BEGIN Given information

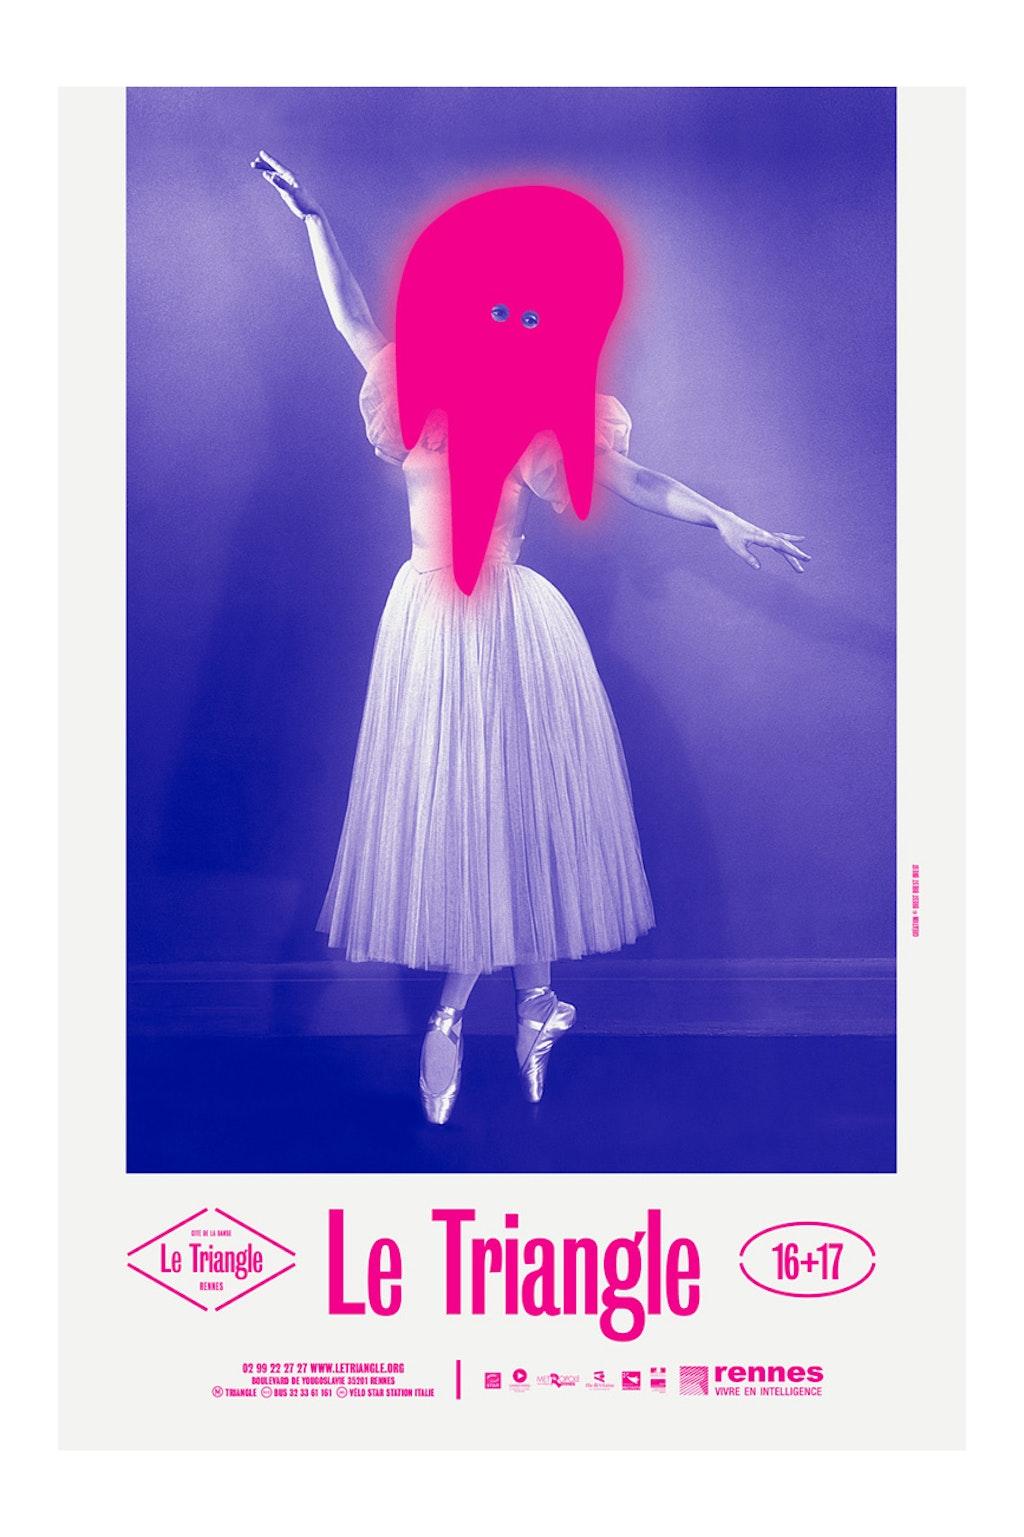 Le Triangle 16+17 (Rennes)
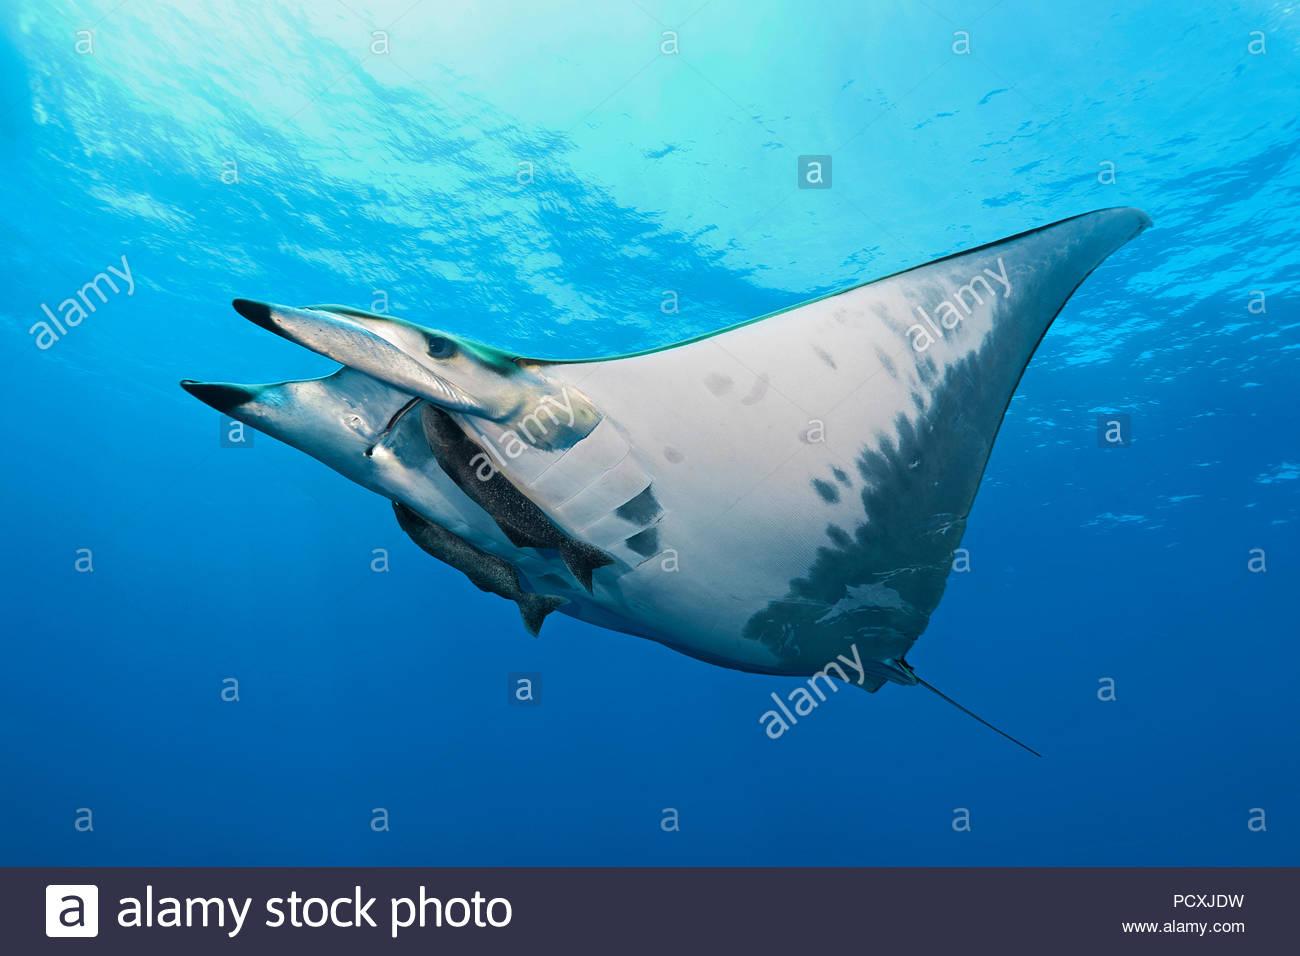 Spiny mobula or Chilean devil ray (Mobula tarapacana) with remora (Echeneidae), Santa Maria island, Azores, Portugal - Stock Image
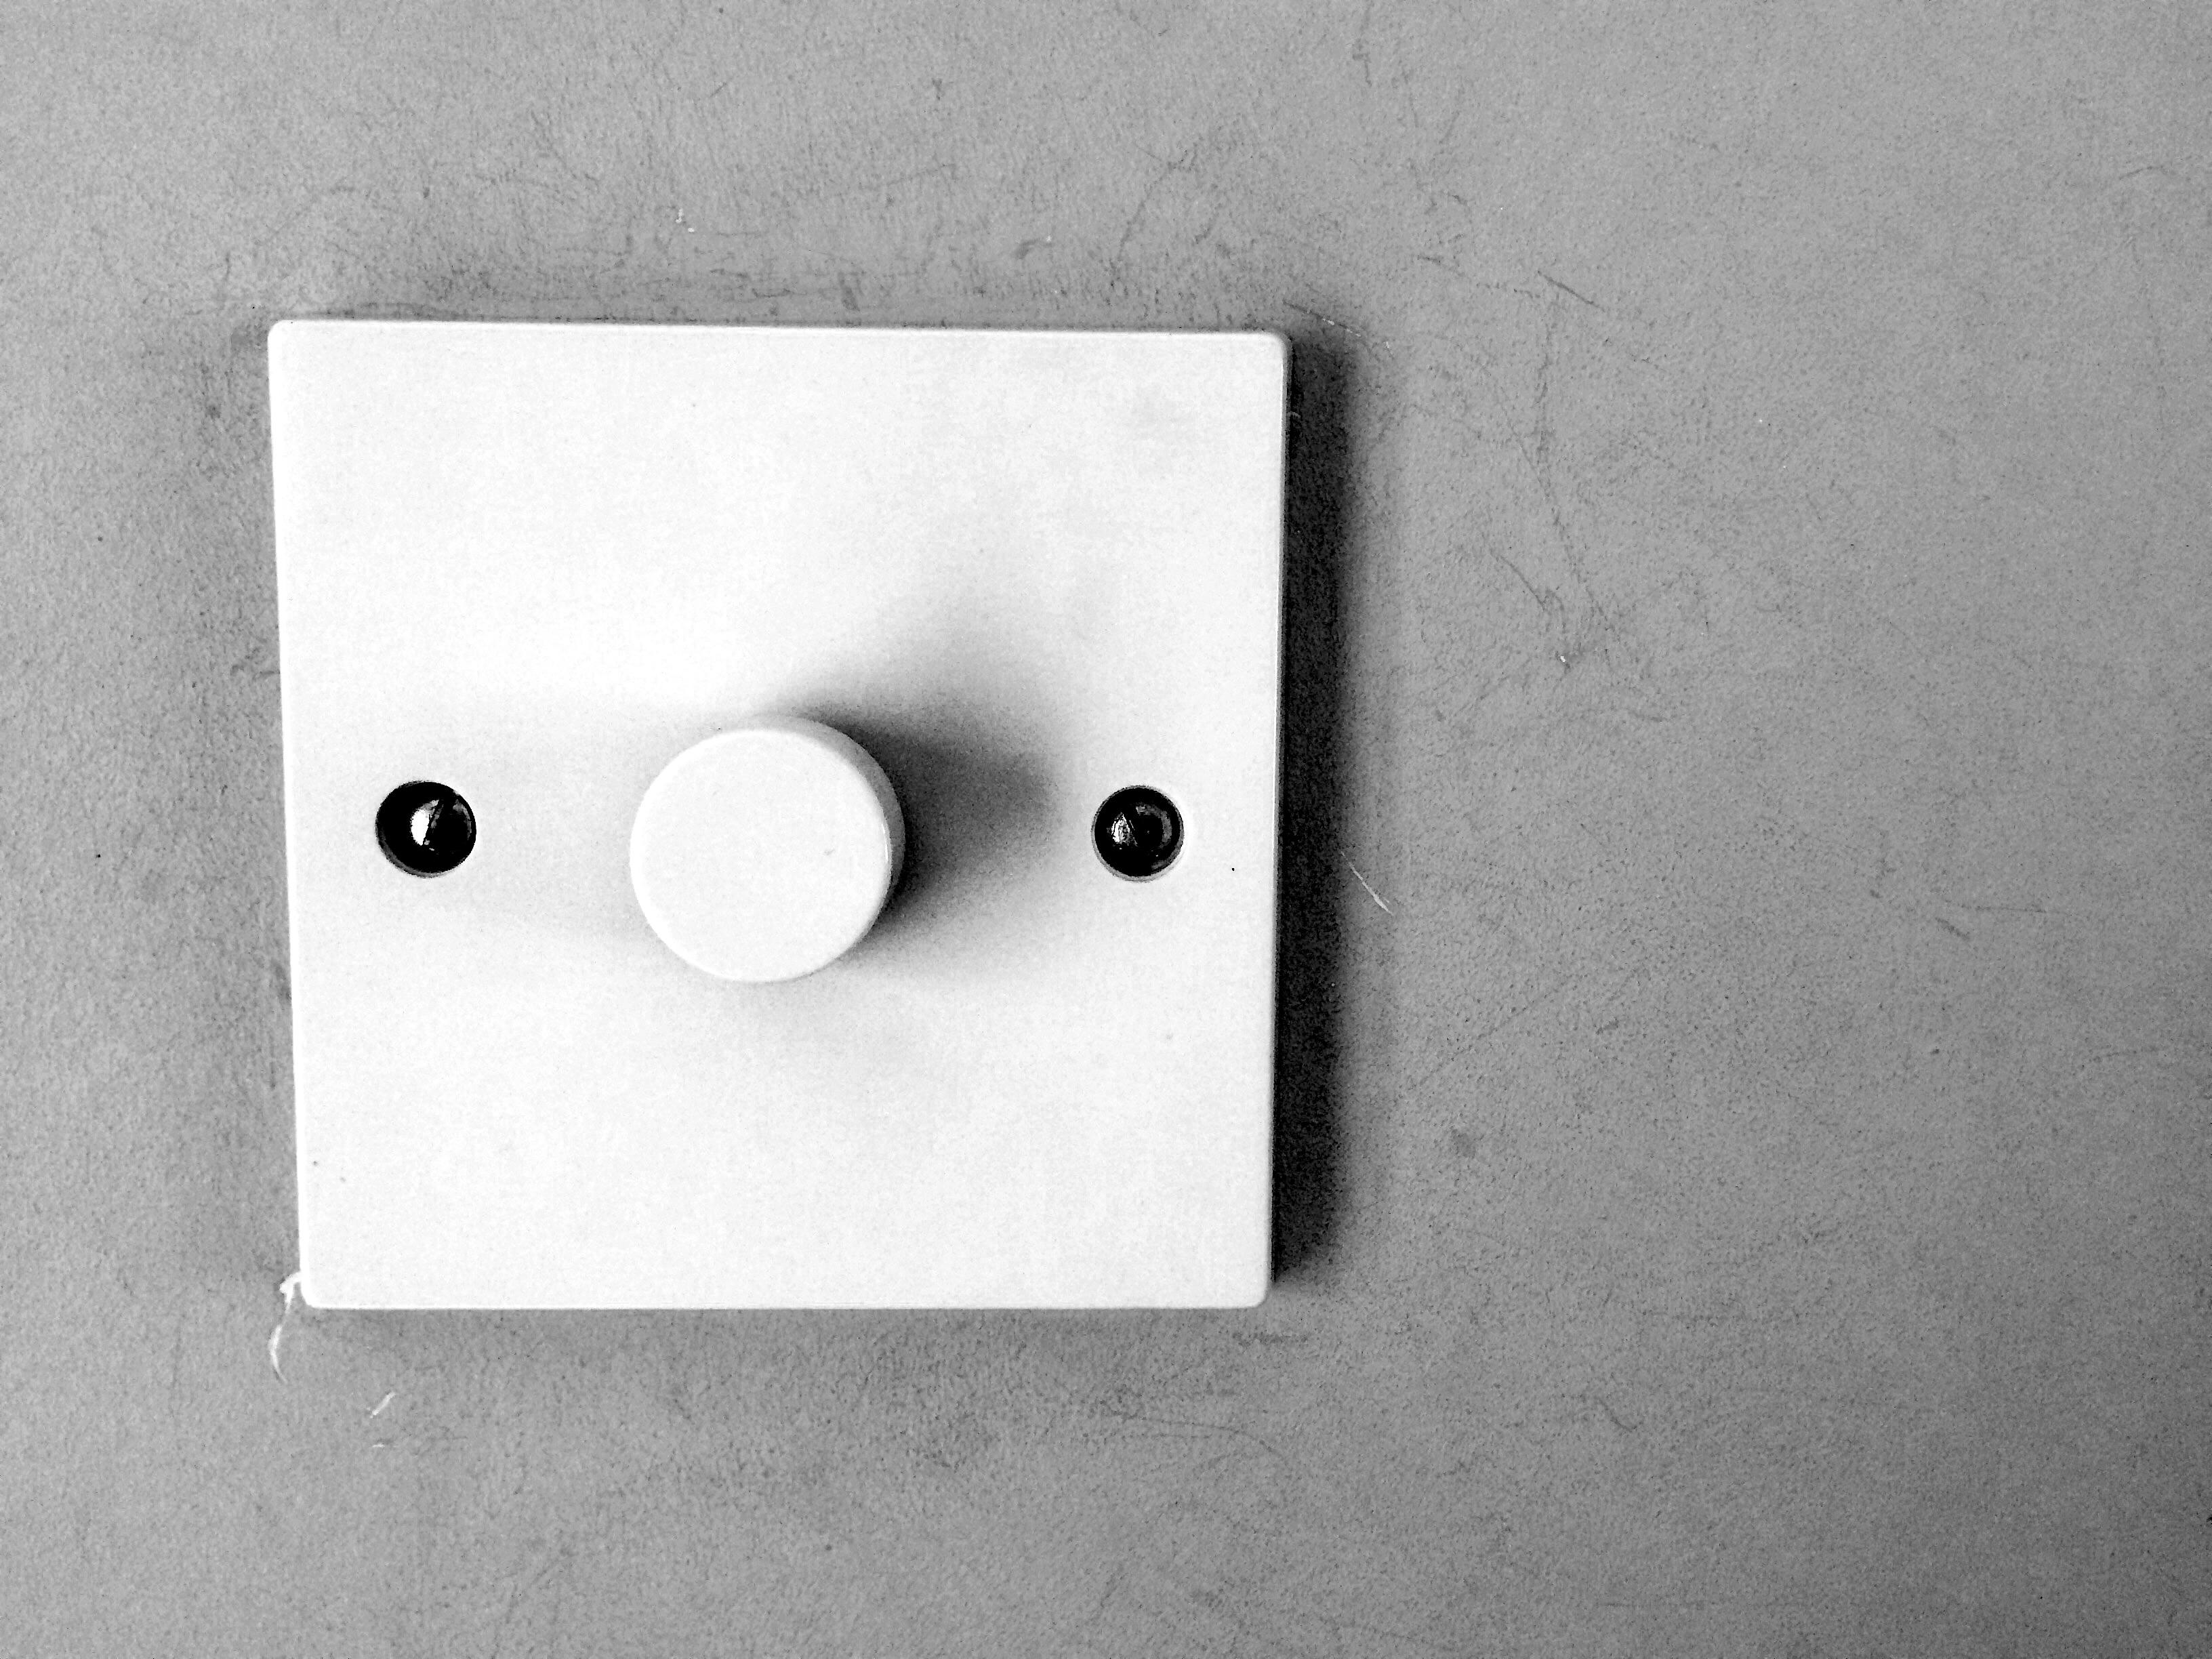 File:Dimmer Light Switch.jpg - Wikimedia Commons

END Given information

Output, exactly and only: the line containing "Spiny mobula or", the last line of the listing above, and every line in between. Leave the pictures out.

 Spiny mobula or Chilean devil ray (Mobula tarapacana) with remora (Echeneidae), Santa Maria island, Azores, Portugal - Stock Image
 File:Dimmer Light Switch.jpg - Wikimedia Commons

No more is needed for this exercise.